The triangles of a surface mesh are flat, thus, they have a mean and Gaussian curvature of 0. A similar argument can be used for edges, since the surface can only bend in one direction over an edge. Consequently, using the angle between normal vectors can of course only be used on vertices on a surface mesh, but there is no straightforward way to calculate the surface normal of a vertex. Which again, as with point clouds, makes this approach unsuited for surface meshes.

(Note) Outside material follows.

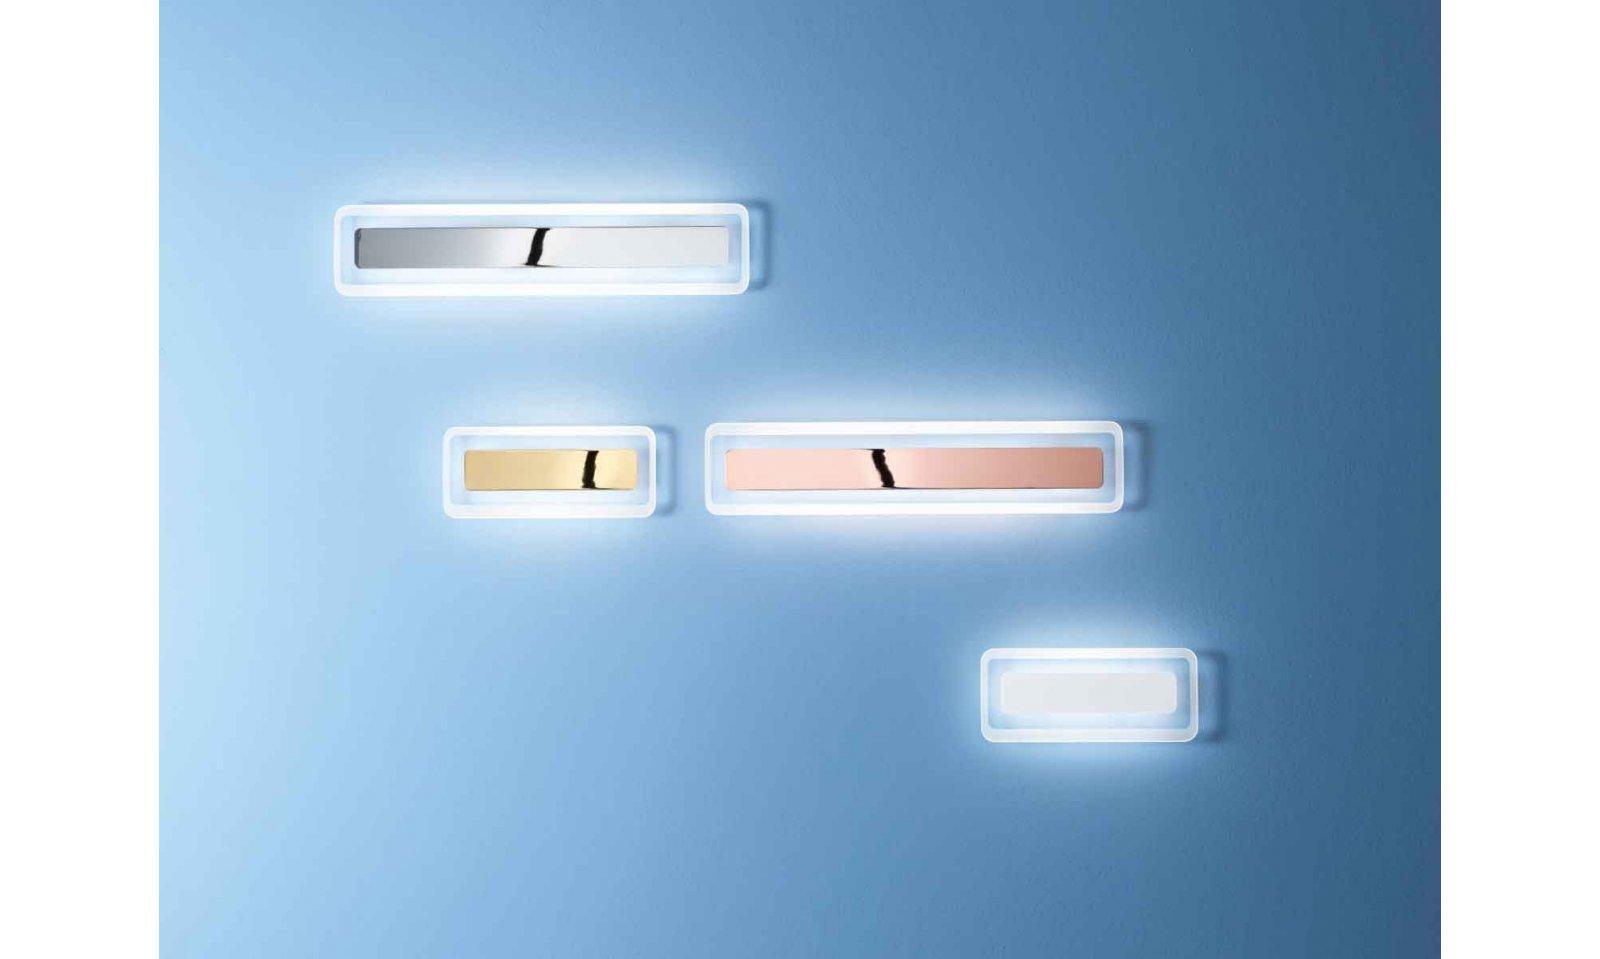 Linea light applique antille led lampada da parete con modulo led

Level-Set Functions (Implicit Surfaces)

Finally, considering level-set function, some merit can be found in applying the normal vector angle approach. All points on a regular grid have the same distance from each other, so one could check if the points that lie in a box stencil (see Figure 3.9) are surface points (i.e., the level-set function changes sign from the point \(\mathbf {x}_i\) to this neighboring point). However, depending on the position of the zero level-set more points in the stencil are required, i.e., \(21\) in 2D and \(81\) in 3D, which is a lot more than calculating the derivatives for curvature calculation. Further drawbacks of this method on level-set functions are discussed in Section 5.1.4.

(image)

Figure 3.9: 3D box stencil (\(\eta _B((i,j,k))\)) required for normal based feature detection on implicit surfaces.